• [Task inputs]:
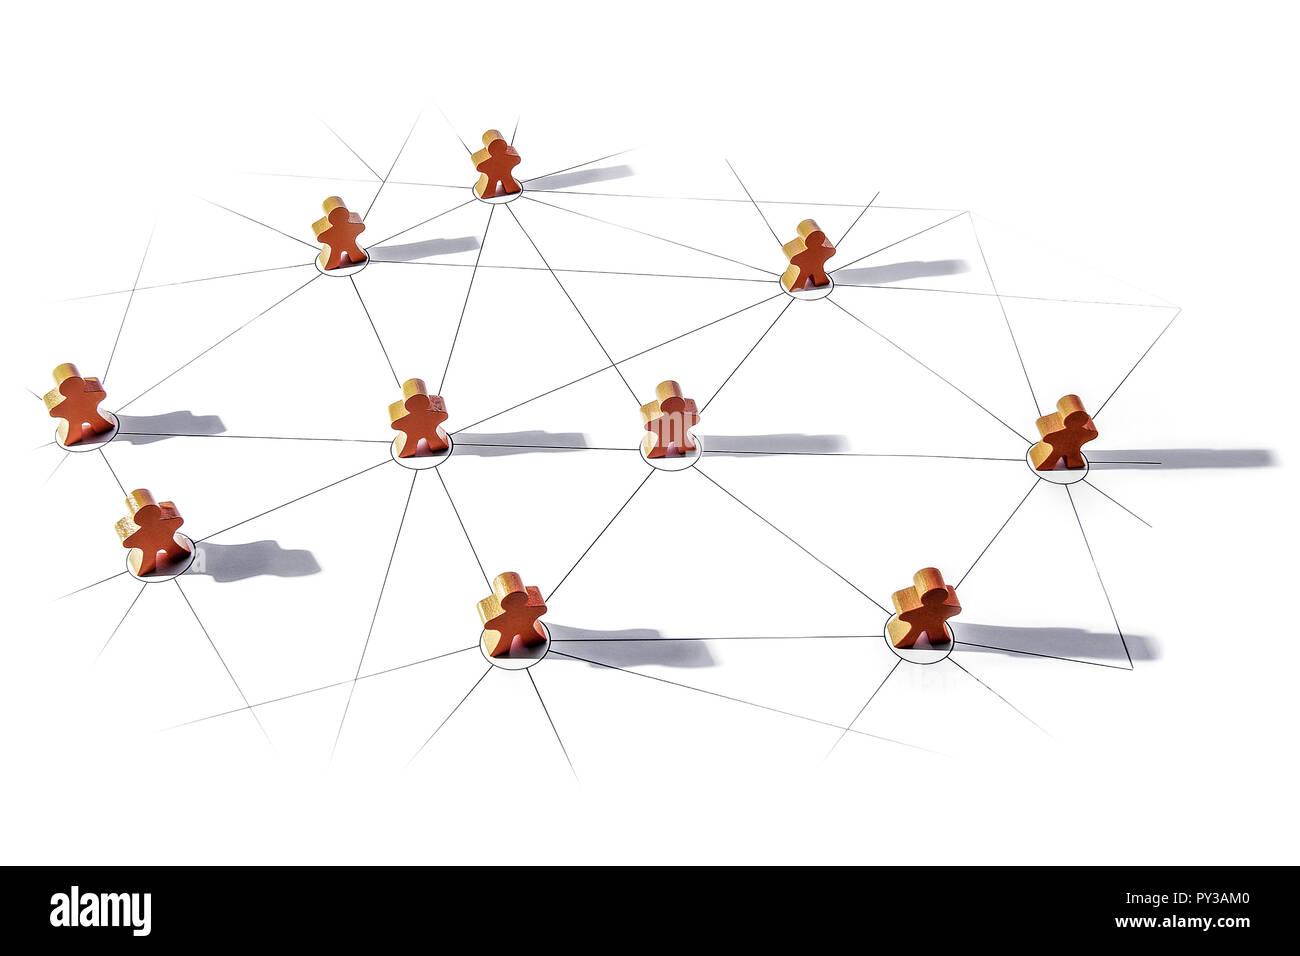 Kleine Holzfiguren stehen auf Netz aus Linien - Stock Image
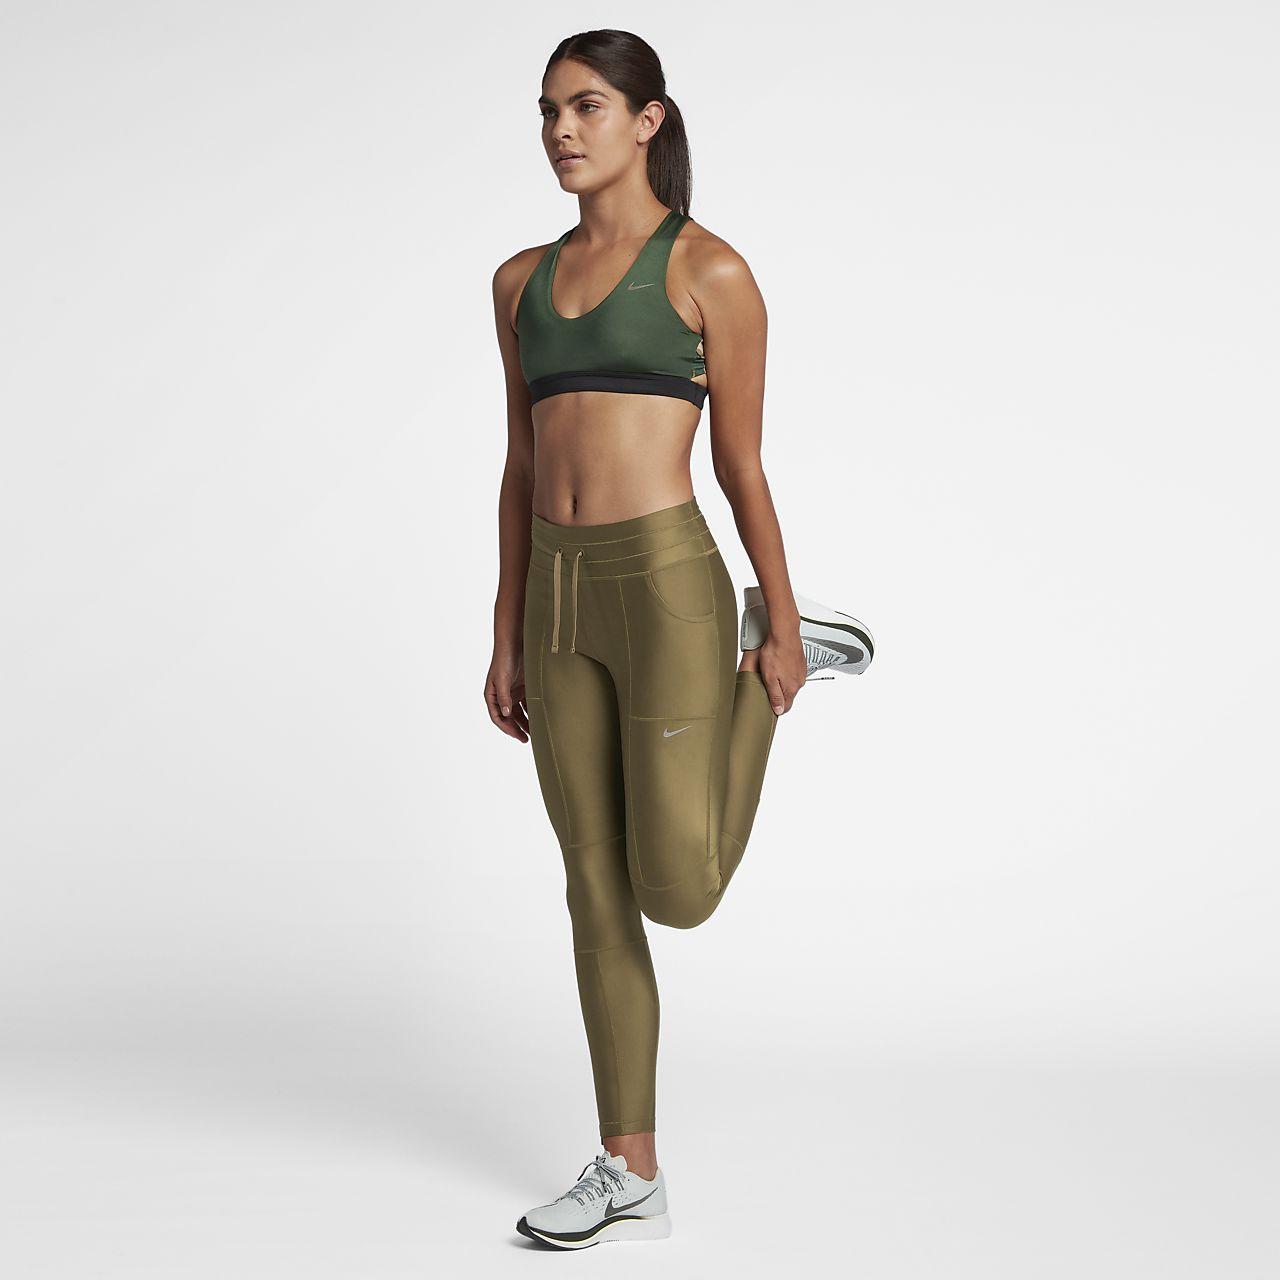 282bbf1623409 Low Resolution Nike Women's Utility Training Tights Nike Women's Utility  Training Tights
---
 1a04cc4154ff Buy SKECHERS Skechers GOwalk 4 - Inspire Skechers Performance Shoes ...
--
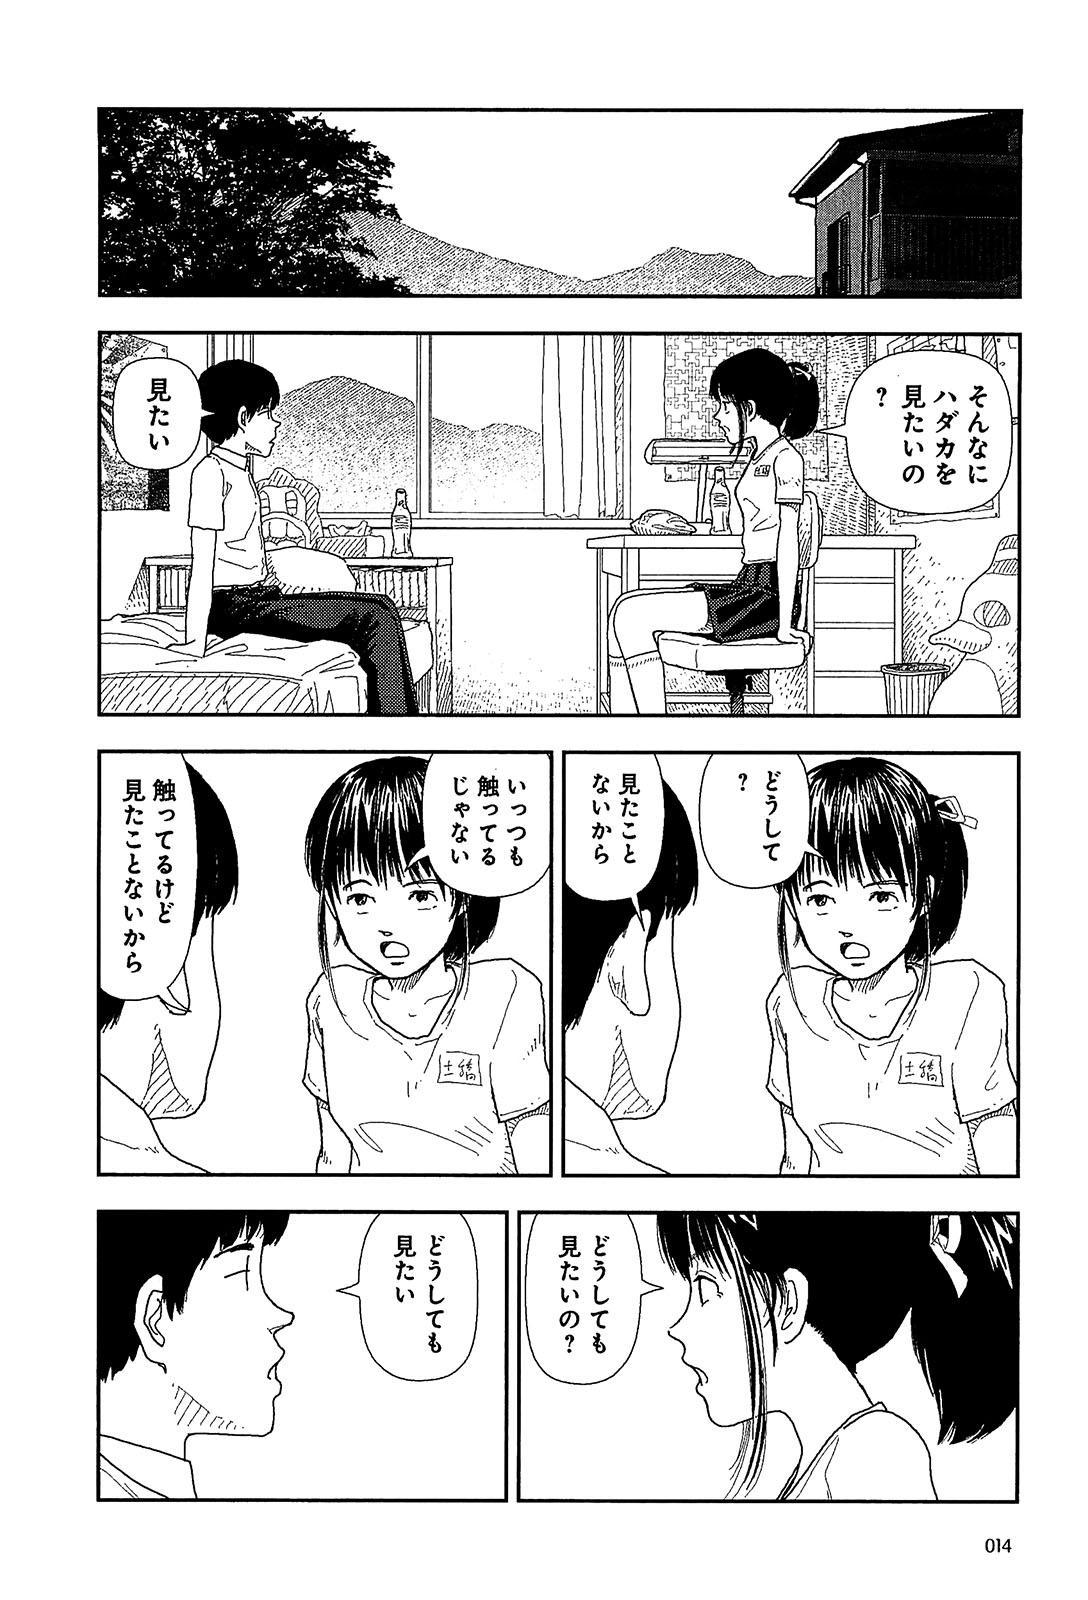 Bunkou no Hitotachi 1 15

• [Problem description]:
In the material above, one part opens with the line containing "Kleine Holzfiguren stehen" and closes with the line containing "282bbf1623409 Low Resolution". Write out that part exactly and skip its pictures.

• [Written reply]:
 Kleine Holzfiguren stehen auf Netz aus Linien - Stock Image
 282bbf1623409 Low Resolution Nike Women's Utility Training Tights Nike Women's Utility  Training Tights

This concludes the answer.